Even with remarkable advances in therapeutic modalities and strategies, high mortality risk remains a major issue in patients with cardiovascular diseases receiving care in the ICU (1). Recently, the Southall and Brent Revisited study and the British Women’s Health and Heart Study showed that higher phenylalanine levels are associated with increased cardiovascular risk (2). Delles et al (3) demonstrated that elevated phenylalanine levels predicted heart failure-related hospitalization in community cohorts at cardiovascular risk based on the PROspective Study of Pravastatin in the Elderly at Risk (PROSPER) trial and the Finland National FINRISK Health Survey cohort. Further investigations in patients with heart failure revealed that higher phenylalanine levels were associated with a higher 1-year event rate of rehospitalization or mortality (4,5).
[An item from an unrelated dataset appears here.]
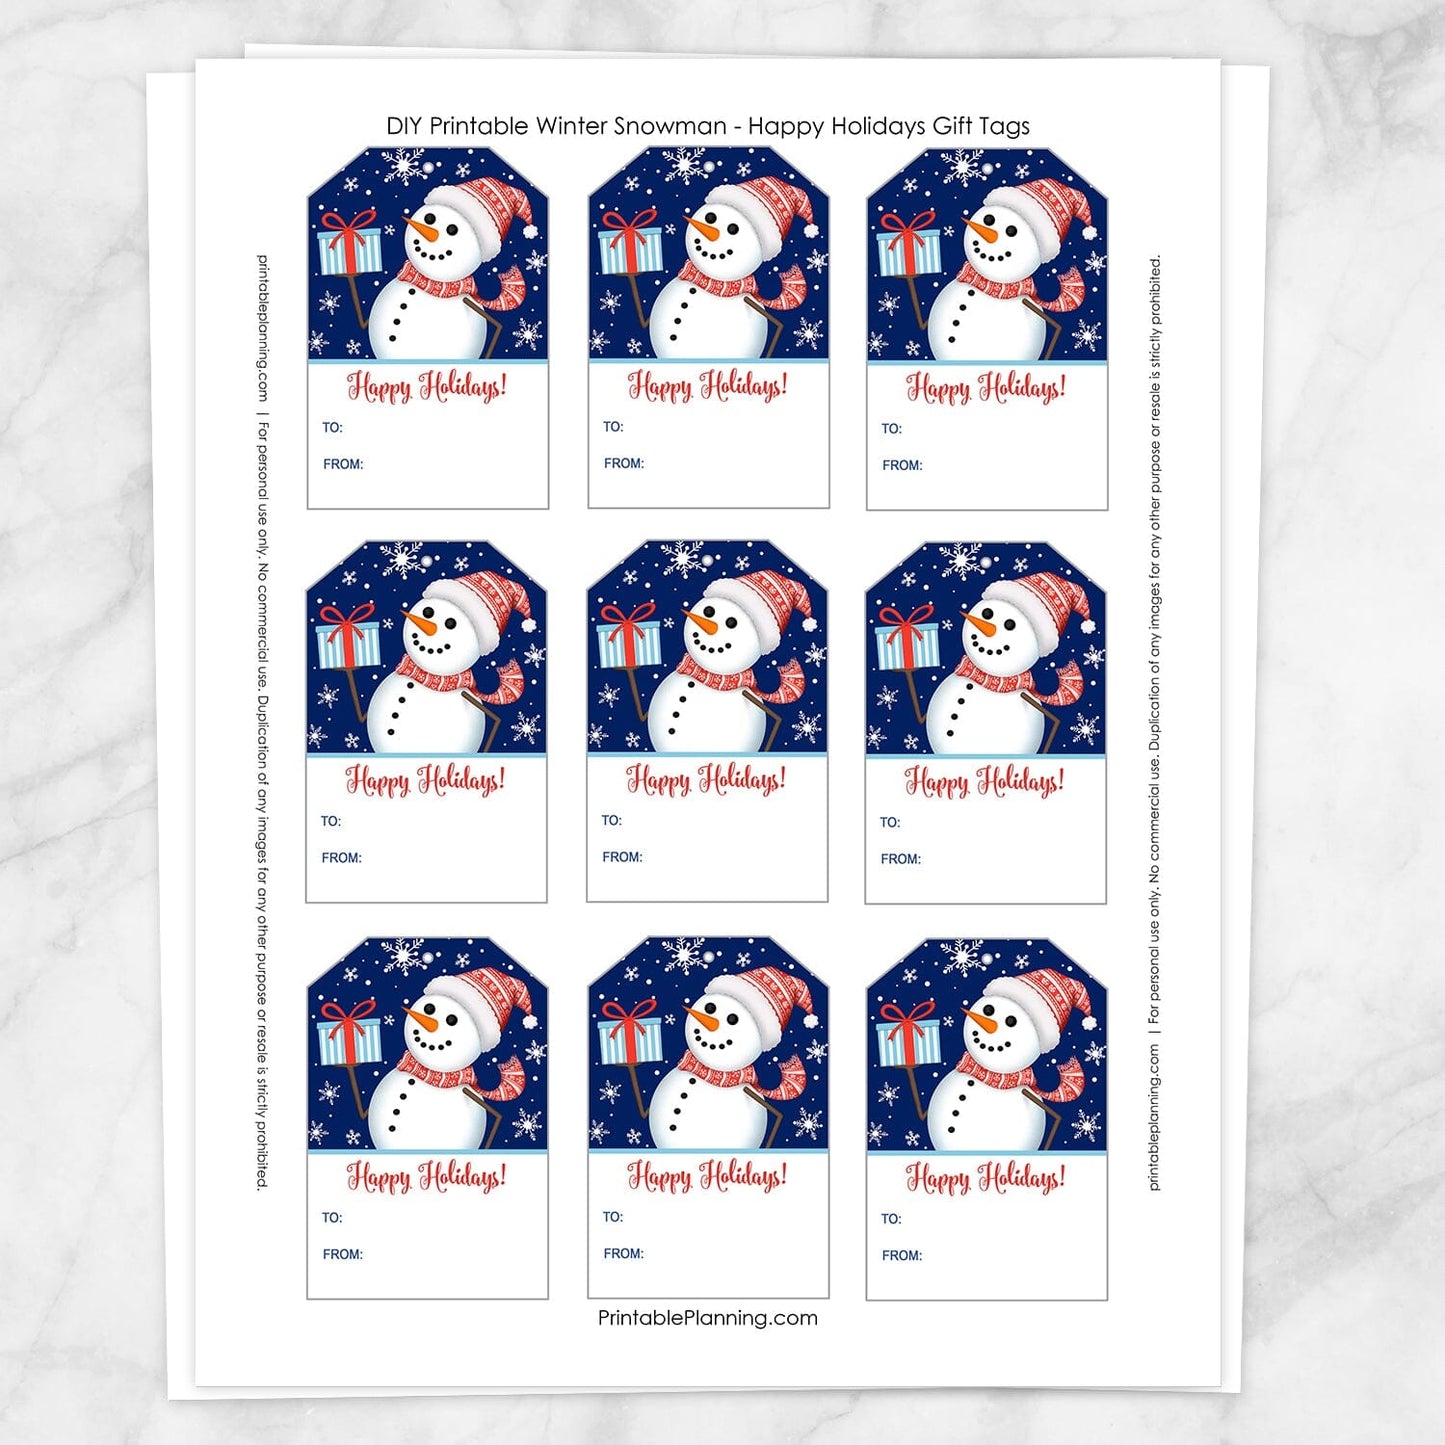 Printable Winter Snowman Happy Holidays Gift Tags from Printable Planning. Image shows full page when printed.

All evidence suggests that hyperphenylalaninemia is a prognostic biomarker for poor outcomes, rather than just an essential amino acid in patients with cardiovascular diseases.

Hyperphenylalaninemia is well known in phenylketonuria, a congenital metabolic disorder caused by genetic defects in phenylalanine hydroxylase or its cofactor, 5,6,7,8-tetrahydrobiopterin (BH4), which belongs to the complex system of pteridine production and recycling (6). Currently, extensive genetic screening worldwide powerfully identifies patients with phenylketonuria at the neonatal stage. In the cardiac ICU, all patients are adults without phenylketonuria. Intriguingly, our recent study found mild-to-moderate hyperphenylalaninemia in patients with heart failure receiving care in the ICU and related it to a remarkable increase in mortality risk (7). However, the associated mechanisms were unknown.
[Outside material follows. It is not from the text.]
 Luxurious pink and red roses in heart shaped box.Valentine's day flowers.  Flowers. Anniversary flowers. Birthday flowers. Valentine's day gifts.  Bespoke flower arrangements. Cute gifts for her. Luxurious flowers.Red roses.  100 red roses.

Phenylalanine elevation was associated with impaired liver and kidney function, inflammation, and muscle breakdown in noncritical patients (8) but was not well explored in critical patients. On the other hand, Wannemacher et al (9) noted that phenylalanine levels increased in many, but not all, patients with acute myocardial infarction or sepsis. Recent studies have demonstrated that the prognostic value of phenylalanine is strong and independent of all traditional risk factors and risk stratification scores in different cohorts (2,3,5,7,10). These findings led to the hypotheses that genetic polymorphisms exist in the phenylalanine metabolism pathway and that the gene-associated hyperphenylalaninemia presents only in response to critical stress. Full exploration of all related links and mechanisms may help develop innovative strategies for lowering the mortality risk in critical care.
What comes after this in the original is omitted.